The issue is in livekit/plugins/silero/onnx_model.py, in the new_inference_session()
function. When force_cpu=False, the session is created with no explicit providers
argument:
session = onnxruntime.InferenceSession(path, sess_options=opts)
ONNX Runtime's default provider priority list includes TensorrtExecutionProvider before
CUDAExecutionProvider. When TensorRT is not installed (missing libnvinfer.so.10),
ORT fails to load the TRT provider and silently falls all the way back to
CPUExecutionProvider — skipping CUDAExecutionProvider entirely.
Verified: explicitly passing providers=["CUDAExecutionProvider", "CPUExecutionProvider"]
to the same InferenceSession call works correctly and uses the GPU.
Expected Behavior
When force_cpu=False and a CUDA GPU is available, silero.VAD.load() should use
CUDAExecutionProvider regardless of whether TensorRT is installed.
The fix is to explicitly build the provider list in new_inference_session() instead
of relying on ORT's default auto-detection, which does not gracefully cascade from
a failed TensorrtExecutionProvider to CUDAExecutionProvider:
available = onnxruntime.get_available_providers()
if "CUDAExecutionProvider" in available:
providers = ["CUDAExecutionProvider", "CPUExecutionProvider"]
else:
providers = ["CPUExecutionProvider"]
session = onnxruntime.InferenceSession(path, providers=providers, sess_options=opts)
Reproduction Steps
1. Set up a machine with a CUDA GPU and CUDA 12.x drivers (e.g. Azure NC/NV VM with Tesla V100)
2. Install onnxruntime-gpu but NOT TensorRT (libnvinfer.so.10 absent)
3. Verify CUDA provider is listed: `onnxruntime.get_available_providers()`
→ ['TensorrtExecutionProvider', 'CUDAExecutionProvider', 'CPUExecutionProvider']
4. Run the following:
from livekit.plugins import silero
vad = silero.VAD.load(force_cpu=False)
# Inspect which provider the underlying ONNX session is using:
from livekit.plugins.silero.onnx_model import new_inference_session
sess = new_inference_session(force_cpu=False)
print(sess.get_providers()) # Prints: ['CPUExecutionProvider'] ← BUG
5. Expected: ['CUDAExecutionProvider', 'CPUExecutionProvider']
6. Confirmed fix: passing providers=["CUDAExecutionProvider", "CPUExecutionProvider"]

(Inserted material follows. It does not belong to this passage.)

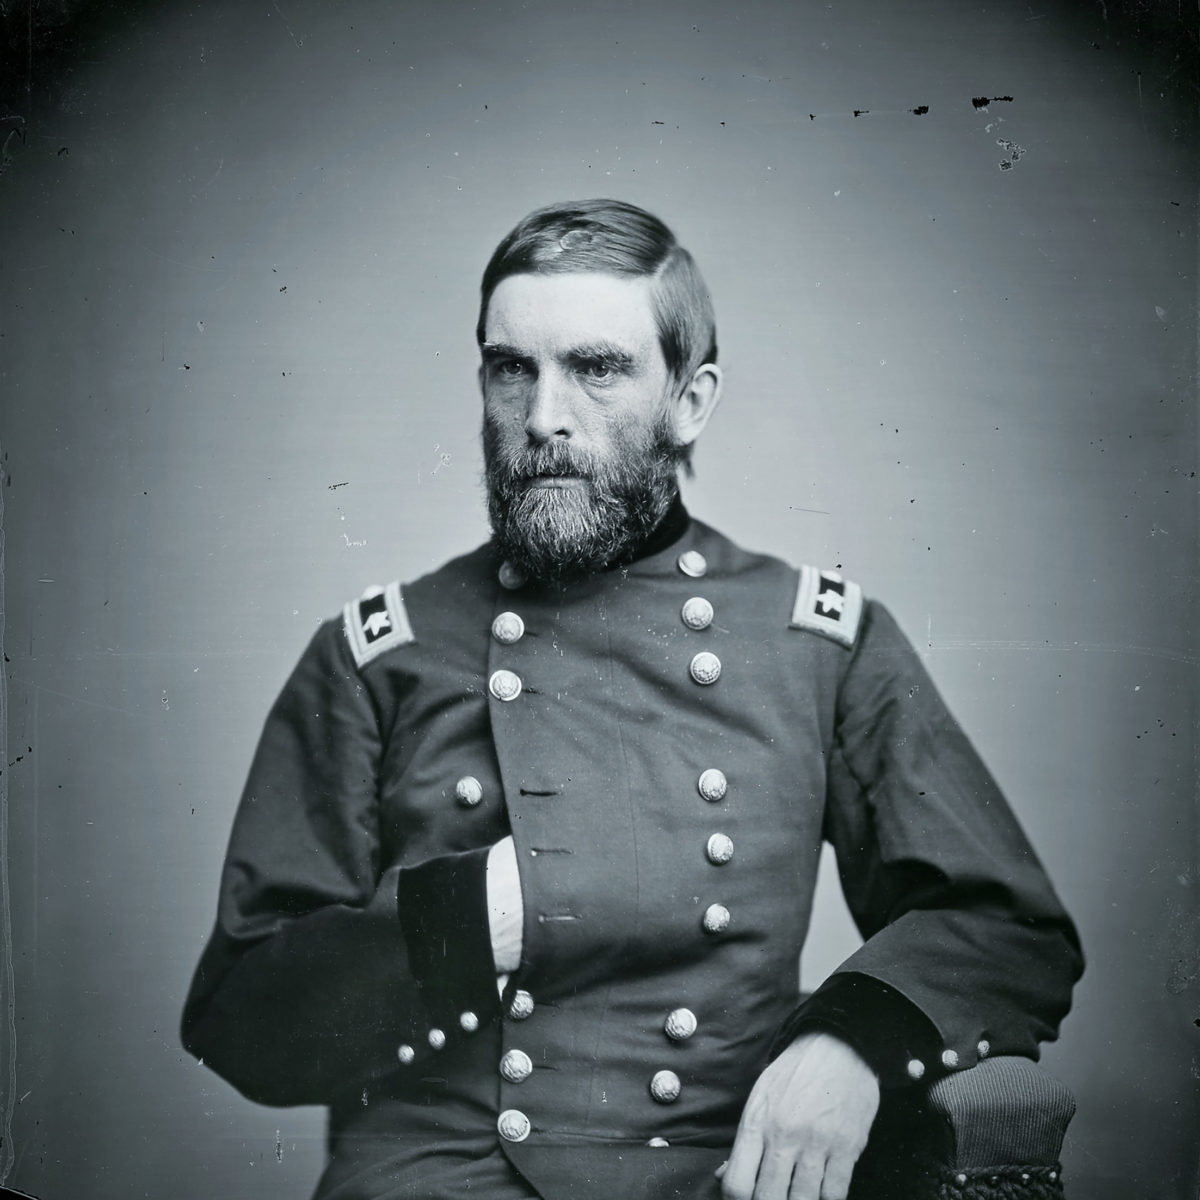 Major General Grenville Dodge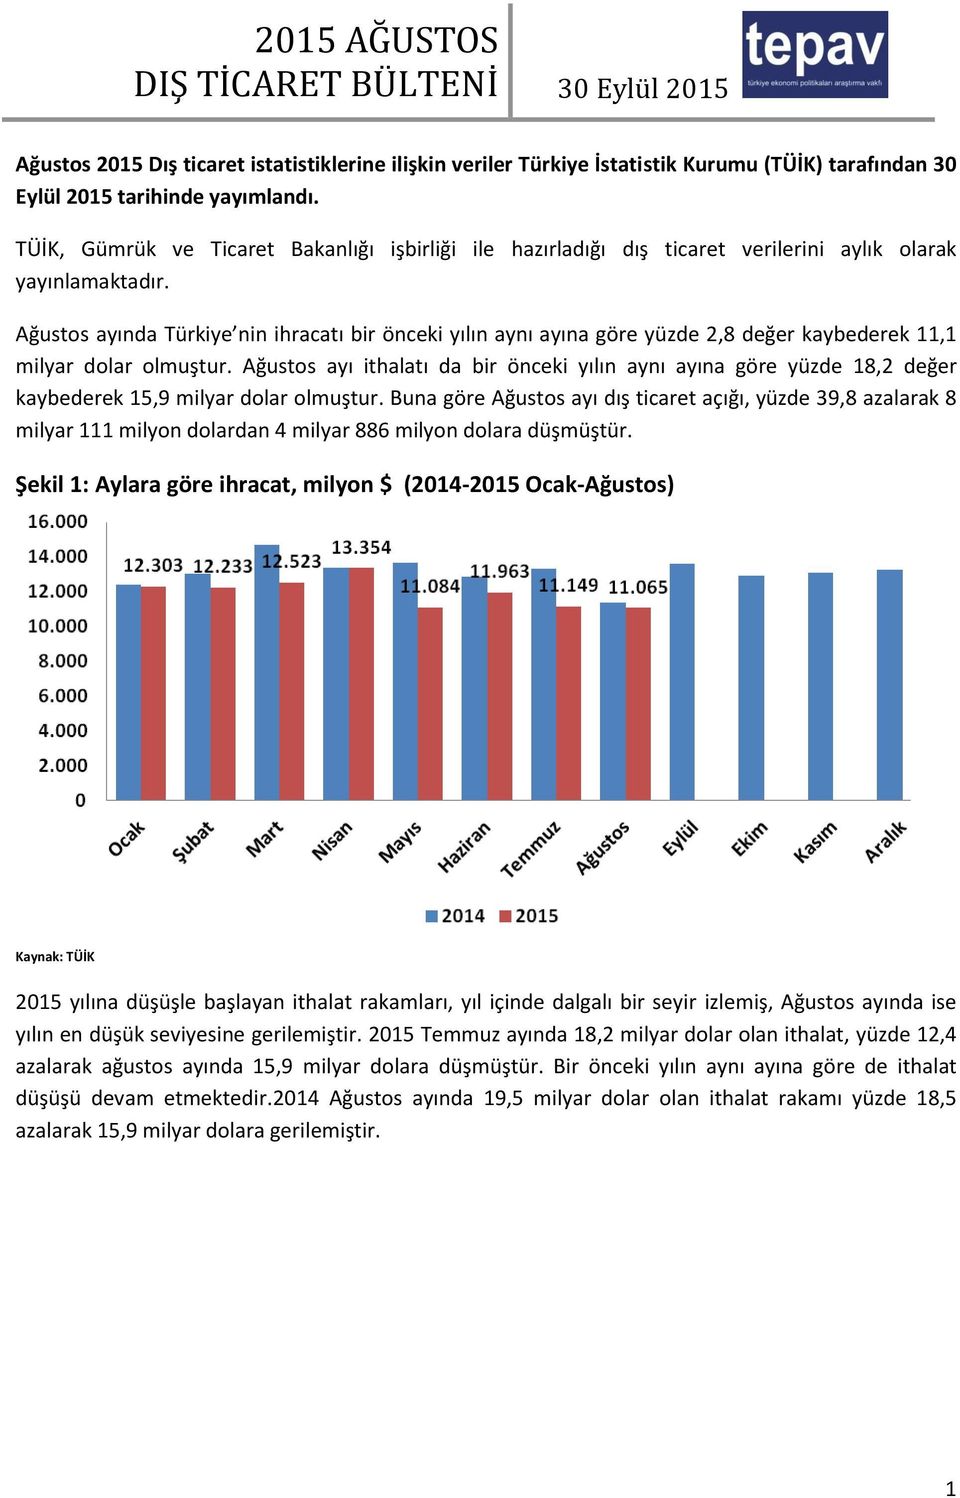 Ağustos ayında Türkiye nin ihracatı bir önceki yılın aynı ayına göre yüzde 2,8 değer kaybederek 11,1 milyar dolar olmuştur.

explicitly to InferenceSession produces the correct result.
Operating System
Ubuntu 24.04.4 LTS (Azure VM, NVIDIA Tesla V100 PCIe 16GB, CUDA 12.2, Driver 535.309.01)
Models Used
Deepgram Nova-3 (STT), Azure OpenAI GPT (LLM), Deepgram Aura-2 (TTS), Silero VAD, LiveKit MultilingualModel (turn detection)
Package Versions
livekit-agents==1.5.13
livekit-plugins-silero==1.5.13
onnxruntime-gpu==1.26.0
Session/Room/Call IDs
No response
Proposed Solution
In `livekit/plugins/silero/onnx_model.py`, replace the implicit provider
auto-detection with an explicit provider list in `new_inference_session()`:
Current code (force_cpu=False path):
else:
session = onnxruntime.InferenceSession(path, sess_options=opts)
Proposed fix:
else:
available = onnxruntime.get_available_providers()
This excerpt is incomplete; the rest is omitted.